Animals began to present themselves as they walked. A golden ruffed hawk floated directly above them, surrendering to an updraft. “That must be nice,” Dee said. “To just coast.”

“I glided once,” the Actor mumbled, but he wasn’t even sure if that was the right verb to describe what he had done once over a patch of the Mojave Desert, the sun like fire on his back.

They passed another sheep meadow, this one a much more ramshackle version of the one near Senderovsky’s estate. A black sheep was sunbathing on its haunches away from its comrades. That was me as a child, the Actor wanted to lie to her, but restrained himself. He had been sleepless and working through his own biography all of the previous night in preparation. They passed a rabbit who stopped in fear as they approached and craned his thin, breakable neck, his cottontail shaking miserably. Perhaps that too was me at some point, the Actor thought. But at which point? A deer on the road stopped, looked at them, then very slowly and elegantly lifted up one leg as if he was about to play the piano.

“A deer,” the Actor said. Great. He was identifying common animals now. “Beautiful,” he added to qualify it.

They passed a man petting a horse over a fence with great tenderness. “Hey, Echo,” the man was saying, looking deep into the saucers that showcased the vastness of the animal’s soul. (On the way back, they would see the horse, alone, looking them over expectantly and licking his sensitive, prehensile lips.) “You have a real pretty pony there,” Dee said to the besotted man, who waved friendly to them.

They passed a country family, their faces glum and consumptive, the kids wearing oatmeal-colored sweatshirts with the names of local public schools. The adults glared at them hatefully, assuming they were from the city, until Dee said, “Hi, y’all. They say it’s gonna get warmer any minute now.” And then there followed an exchange of waves and minor humanity. “Ed loves it when I engage like that,” Dee said to the Actor.

“I bet you keep him safe on your walks,” the Actor said.

“We passed a pickup with a Confederate flag that read HERITAGE NOT HATE. Hoo-boy, those folks looked about ready to murder Ed, until they saw me.” They both laughed.

“What would we eat if they murdered our chef?” the Actor said. “Oh, look at that. A box turtle.”

“She’s a snapper,” Dee said, bending down to the creature beginning her long and dangerous journey across the road. “Wonder what she’s up to. It’s too early for her to be traveling to lay eggs.”

“Poor thing’s going to get run over,” the Actor said. He decided to grab the prehistoric animal by the shell and carry her over to the other side of the road where a pond the consistency of split pea soup awaited her.

“Hold up, Ranger Rick,” Dee said. “Don’t just grab her like that. We had them alligator ones that could really take a finger off.” The Actor sighed. He wished he had had that level of engagement with nature growing up and the vocabulary to articulate it. Senderovsky’s little girl had said something strange the other day (among the many strange things she would say), “You can always trust nature.” He didn’t know if it was true, but he envied the little girl her youth in the country. He usually avoided roles that were set in the vast amphitheaters of the West because the silence of nonhumans mystified him. But Dee was now talking to the turtle.

“Here you go, honey,” she said. “Now I’m just taking you by the back of the shell, not going to touch your tail, sweet pea. Don’t want to hurt your spinal column. And now I’m turning you around just so I can drag you better. So you’re looking backward, but you’re going forward.” The Actor watched the animal’s Jurassic legs scramble against the tarmac as her shell left a wet trail across the road. She snapped her jowls behind her once, but soon succumbed to Dee’s measured motion.
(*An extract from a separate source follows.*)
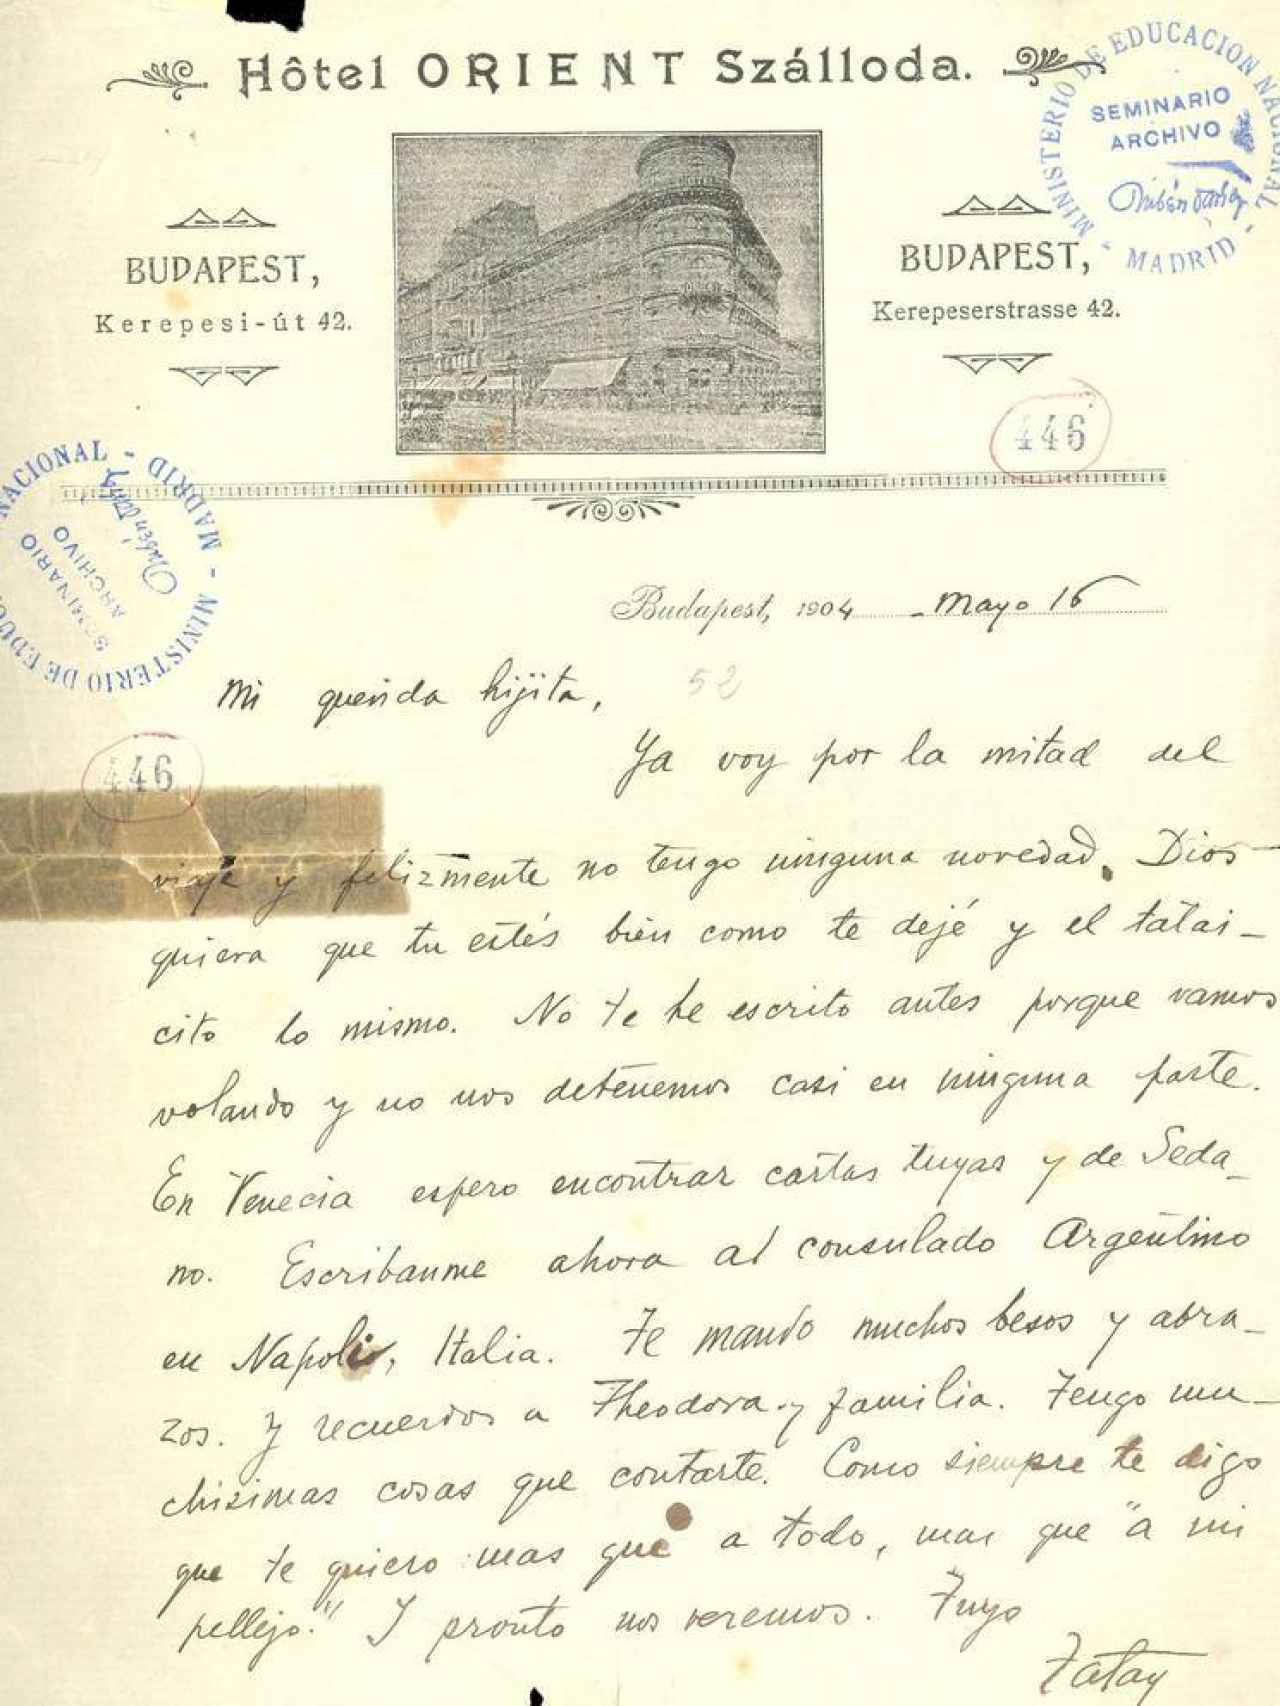 Carta de Rubén enviada a Francisca desde Budapest

A black pickup truck slowed down and would not pass until the operation was concluded. It sat there in the middle of the road, its engine growling with expectation. The animal’s eyeballs turned continuously within their scaly enclosures, showing all black or all white, and the Actor wondered if she was scared. He wanted to comfort the creature, but did not know how. To pet it? The shell was an obvious impediment, and nothing about “snapping turtle” suggested an easy exchange of warmth. One could only do what Dee was doing.